Data extracted from a collection:
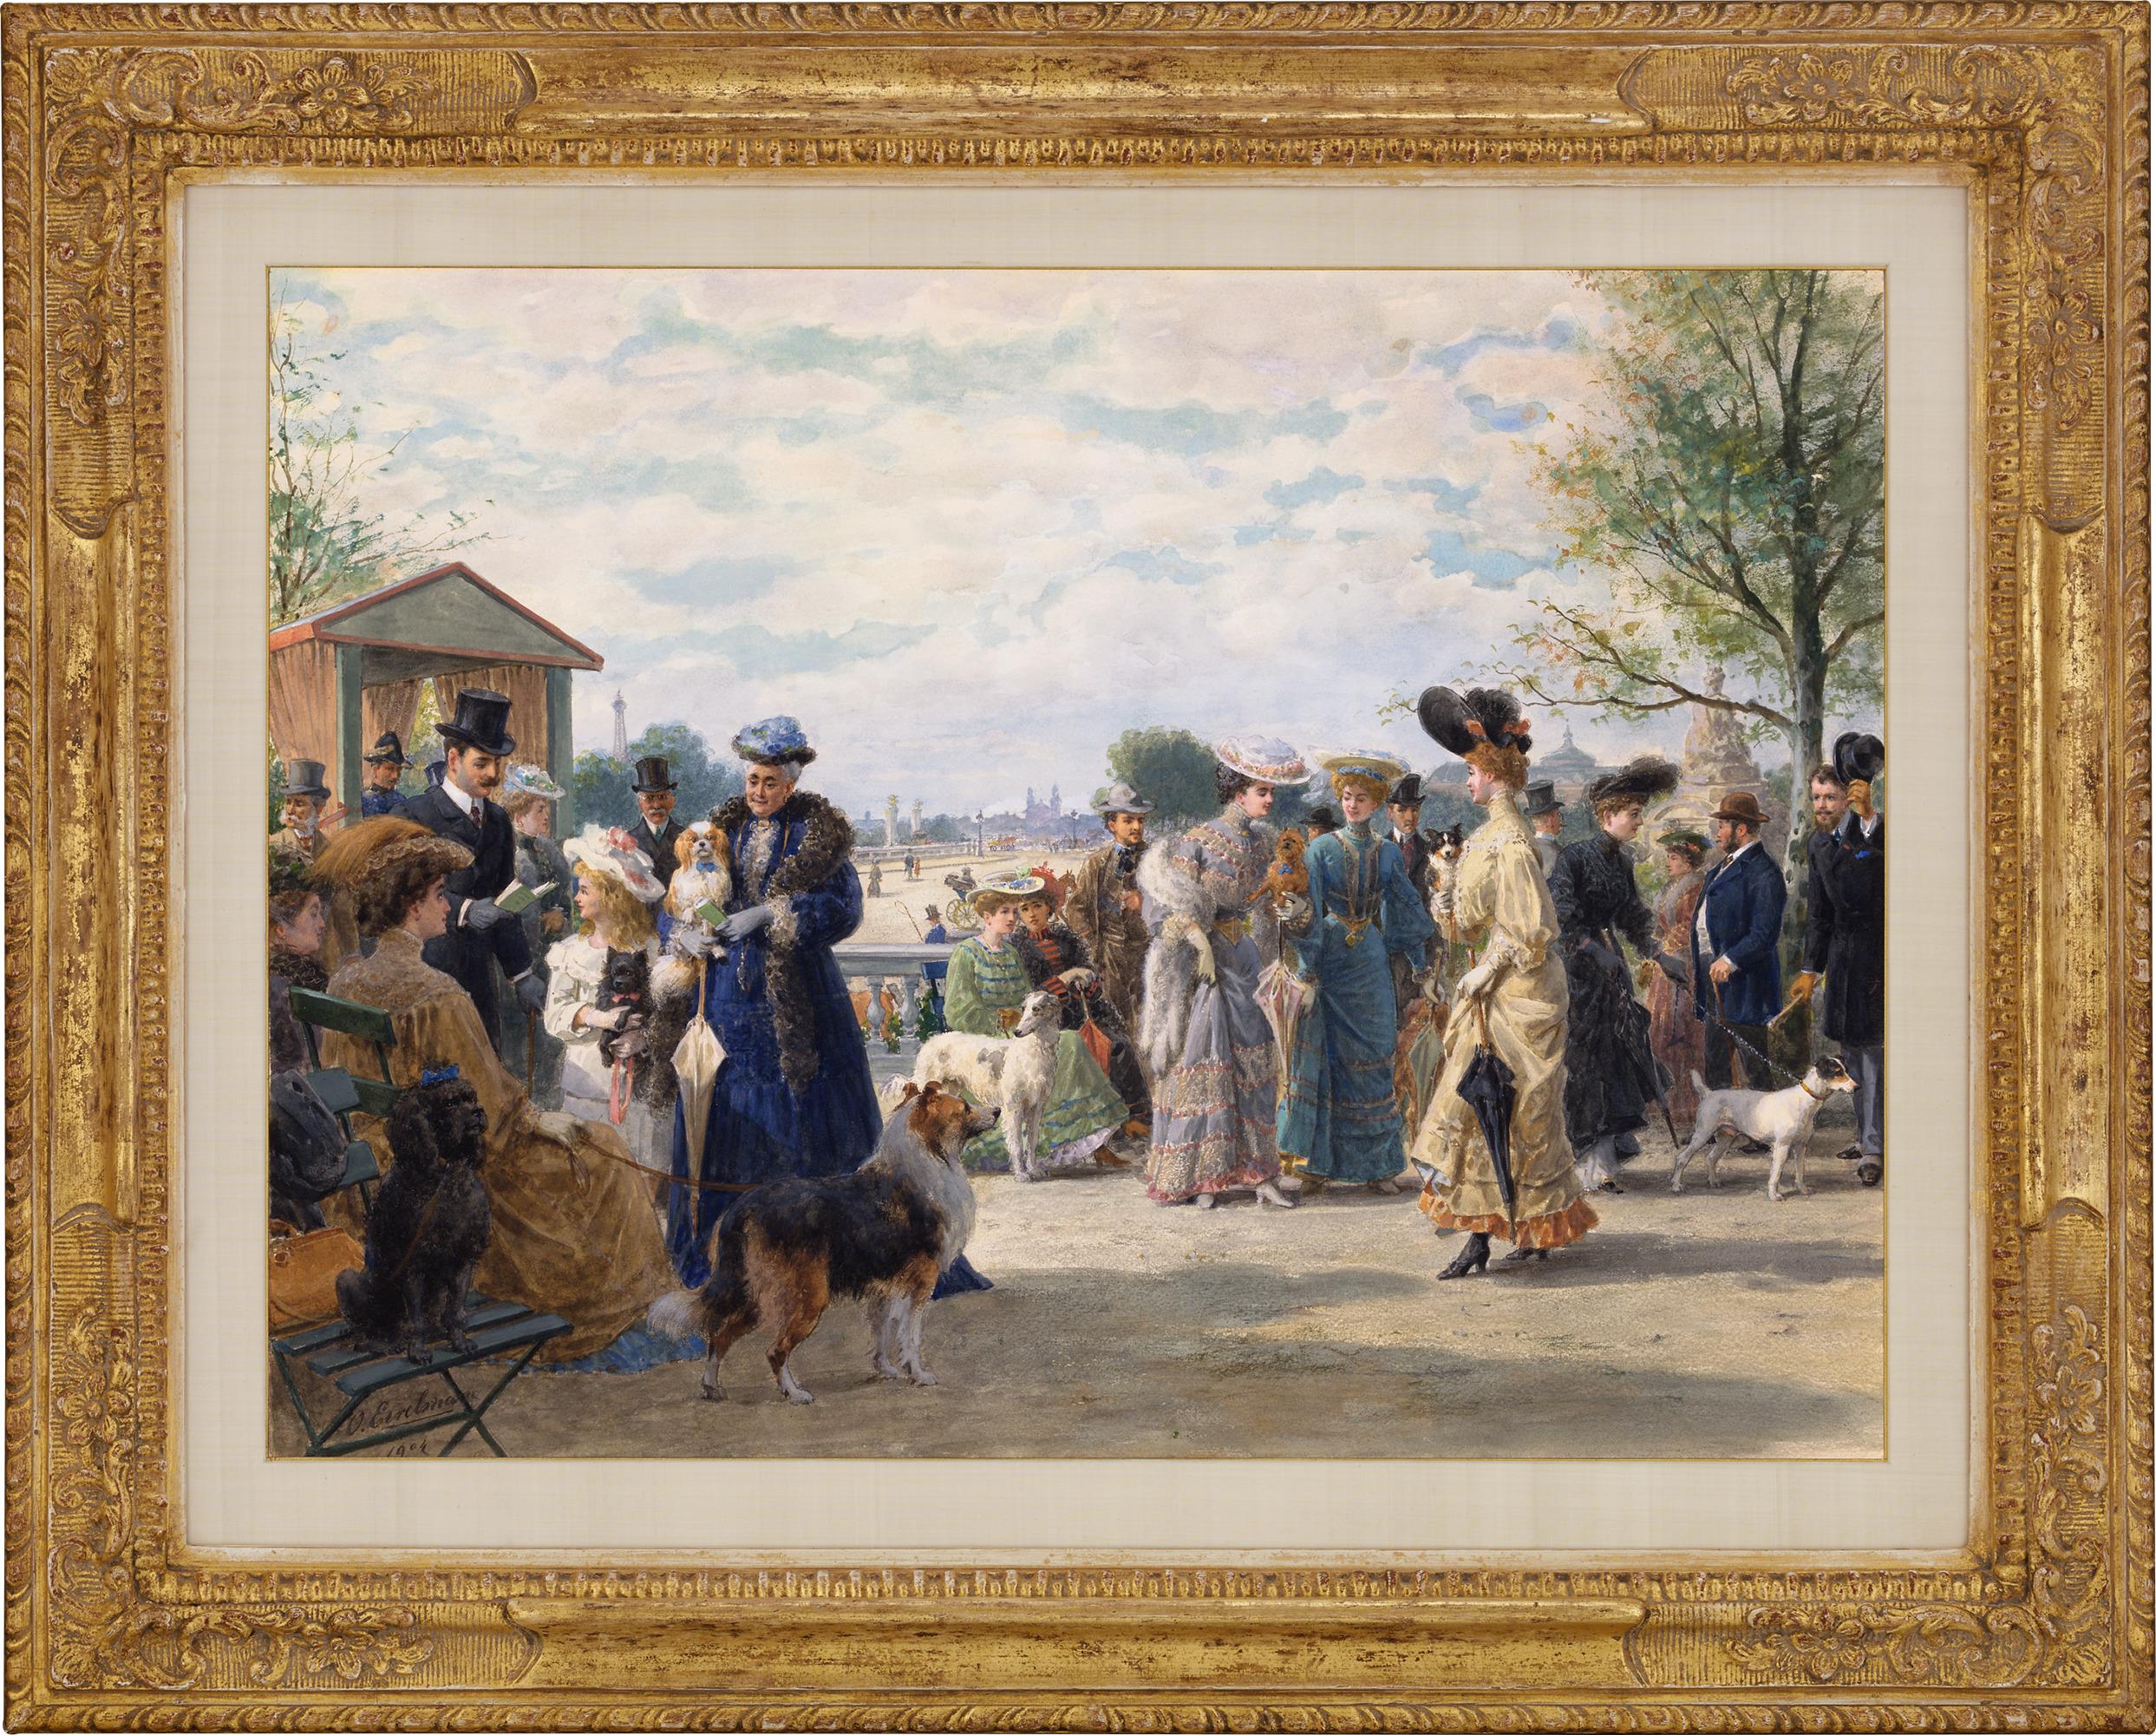 Otto Eerelman
1839-1926  Dutch

Concours de Chiens au Promenade

Watercolor on paper
Signed “O. Eerelman 1904” (lower left)

A tour de force watercolor by celebrated Dutch artist Otto Eerelman, one of 19th-century Europe's most popular and important
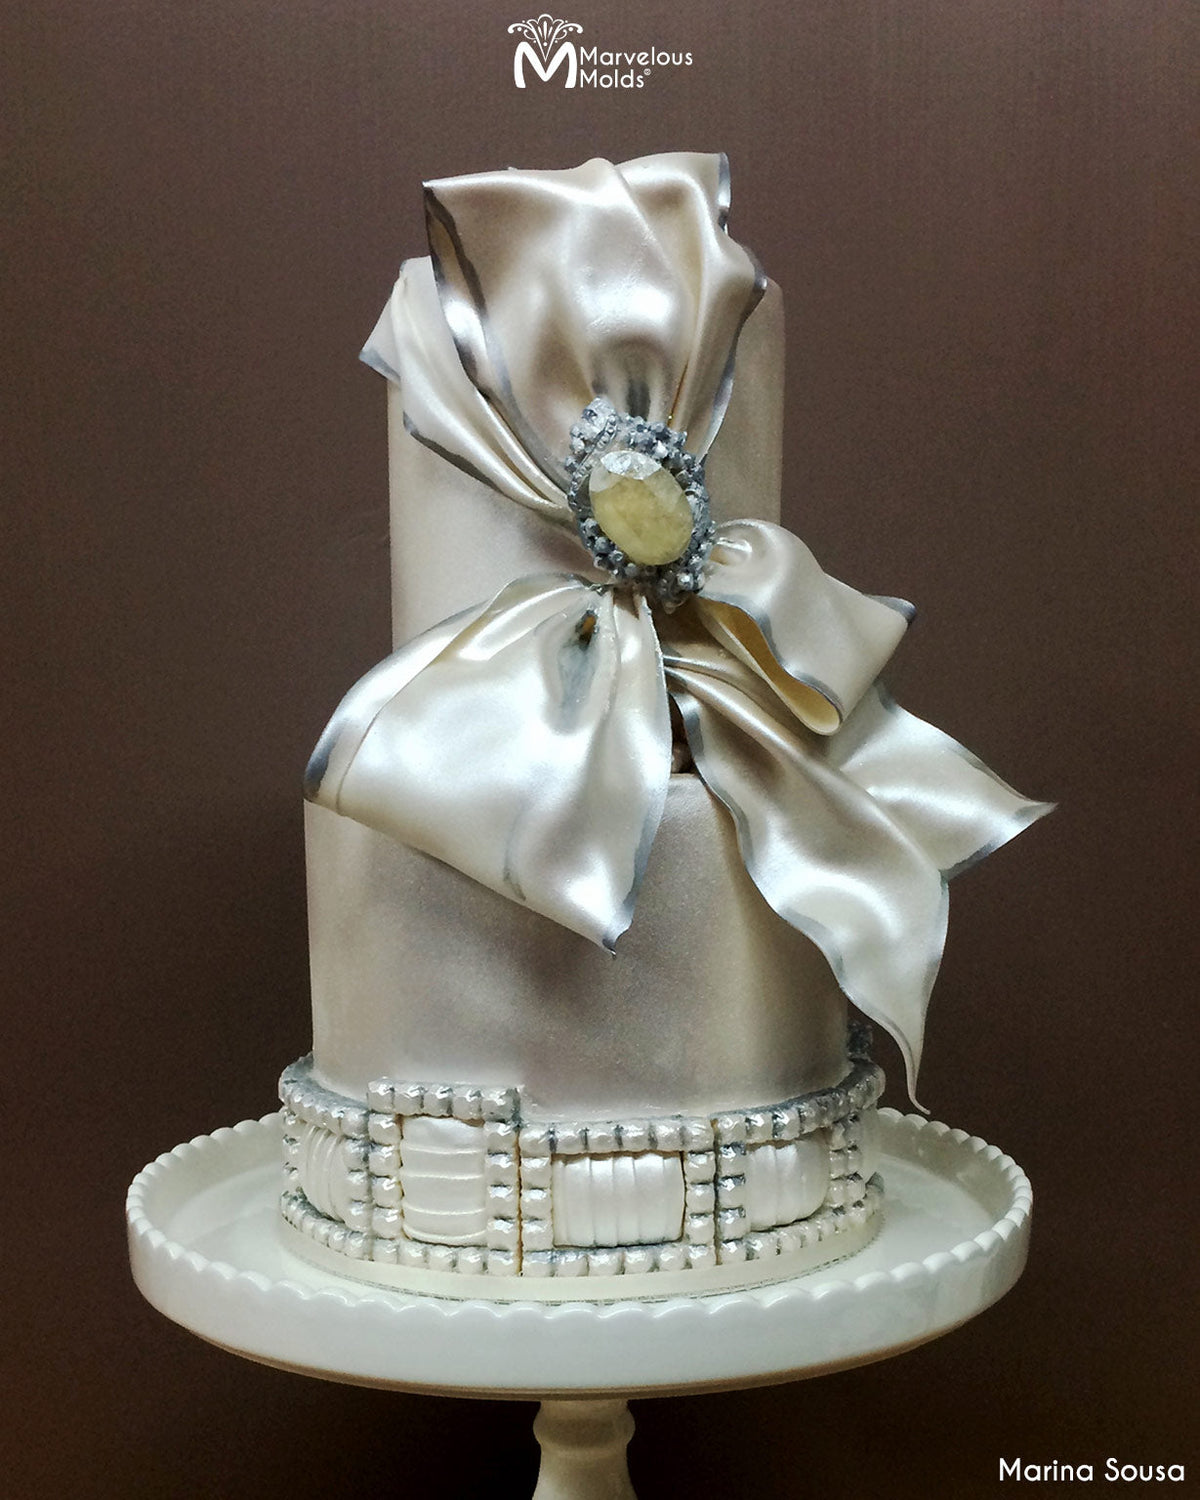 Vintage Bow Wedding Cake Decorated with the Imperial Brooch Silicone Mold by Marvelous Molds
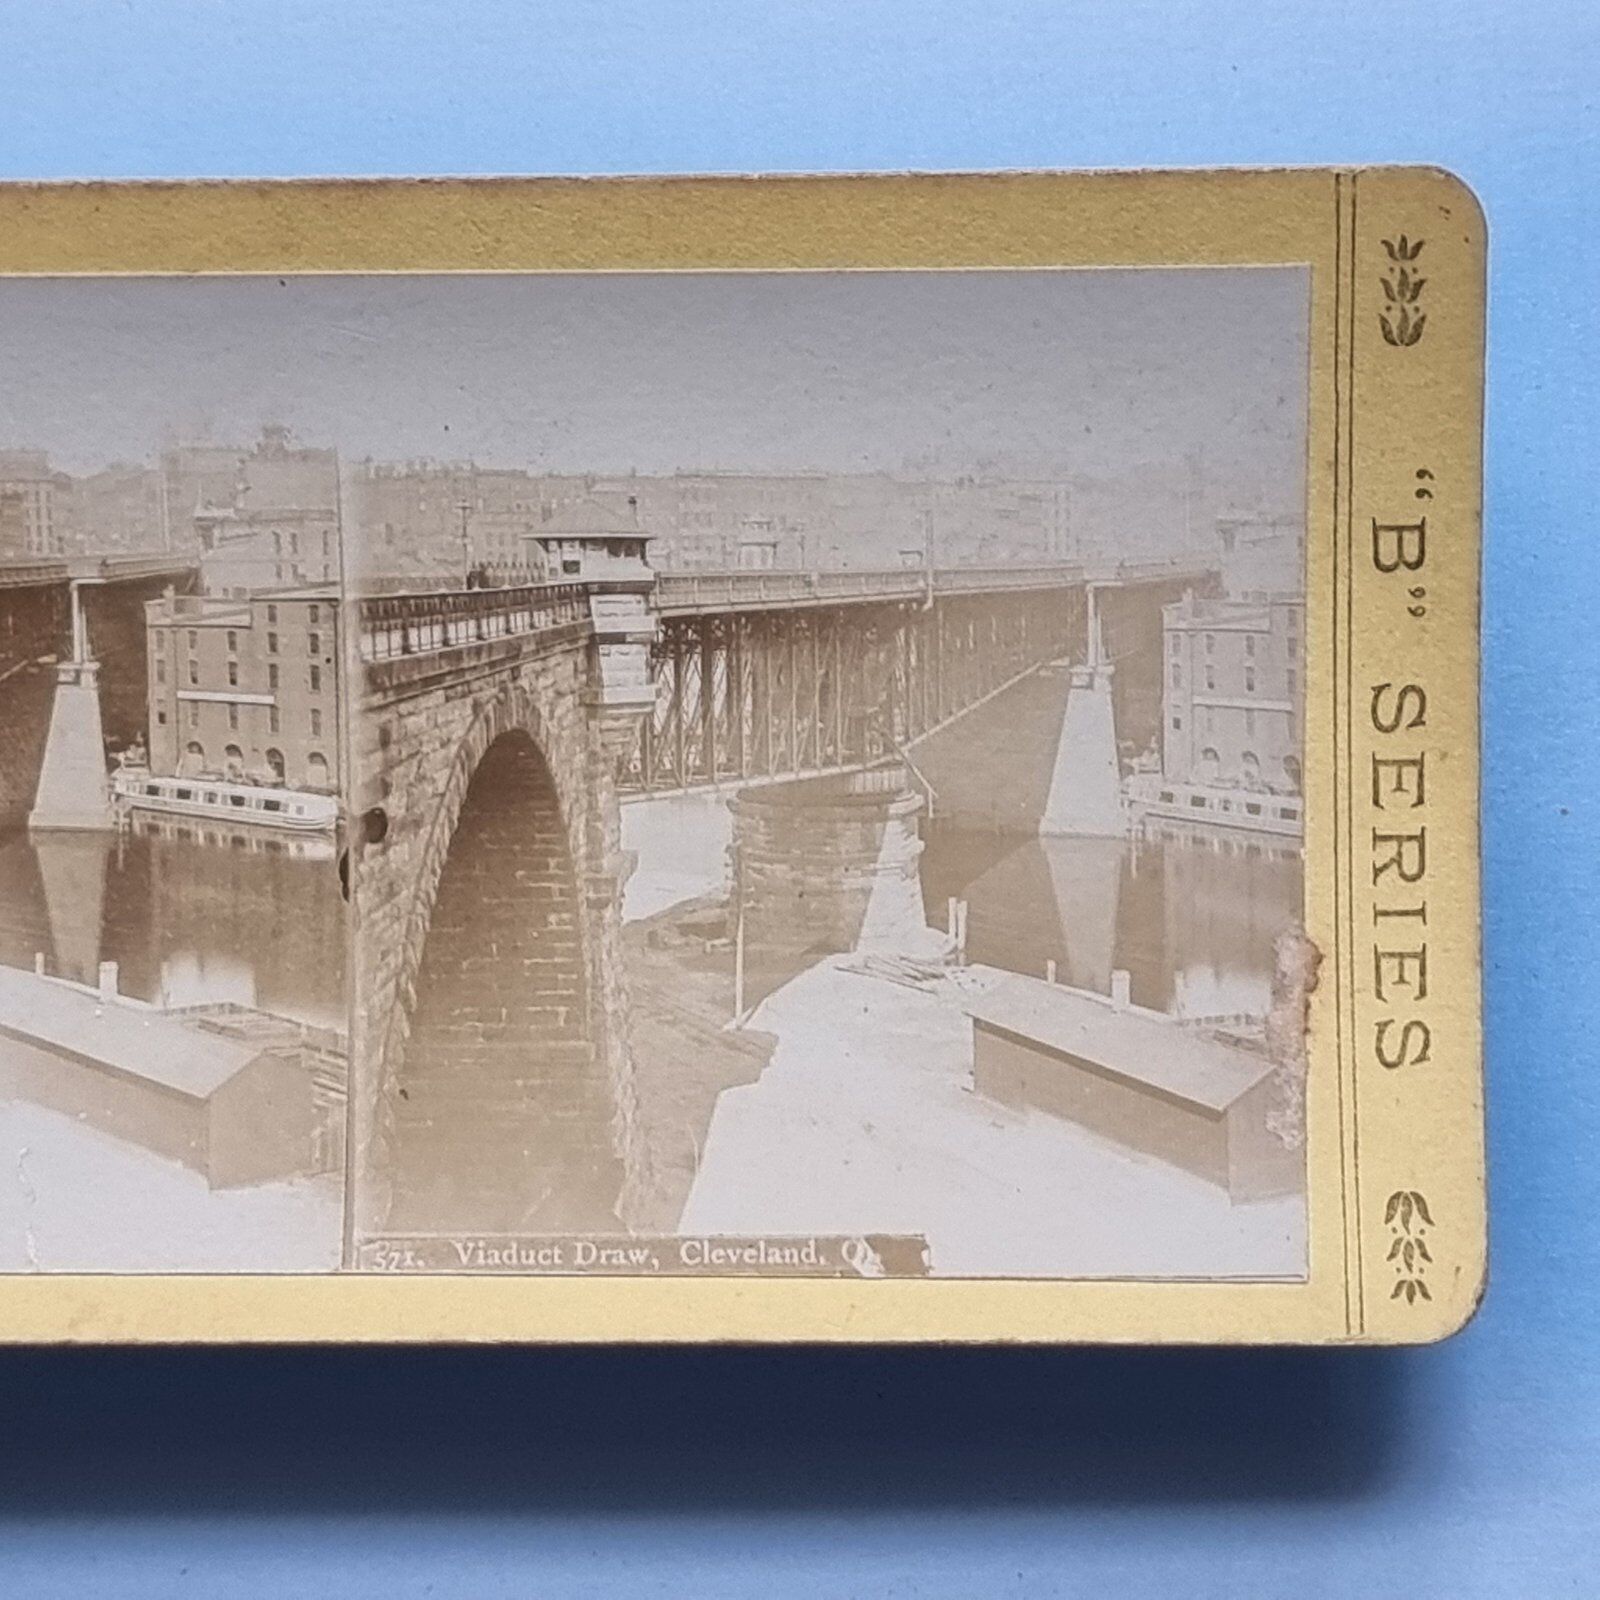 Stereoview Card 3D Real Photo C1900 Cleveland OH USA Lost Viaduct Draw Bridge

* WORK REQUEST *
Begin at the line containing "Vintage Bow Wedding" and transcribe exactly every line through the end of the records, both ends included, leaving the pictures out.

* ANSWER BOX *
 Vintage Bow Wedding Cake Decorated with the Imperial Brooch Silicone Mold by Marvelous Molds
 Stereoview Card 3D Real Photo C1900 Cleveland OH USA Lost Viaduct Draw Bridge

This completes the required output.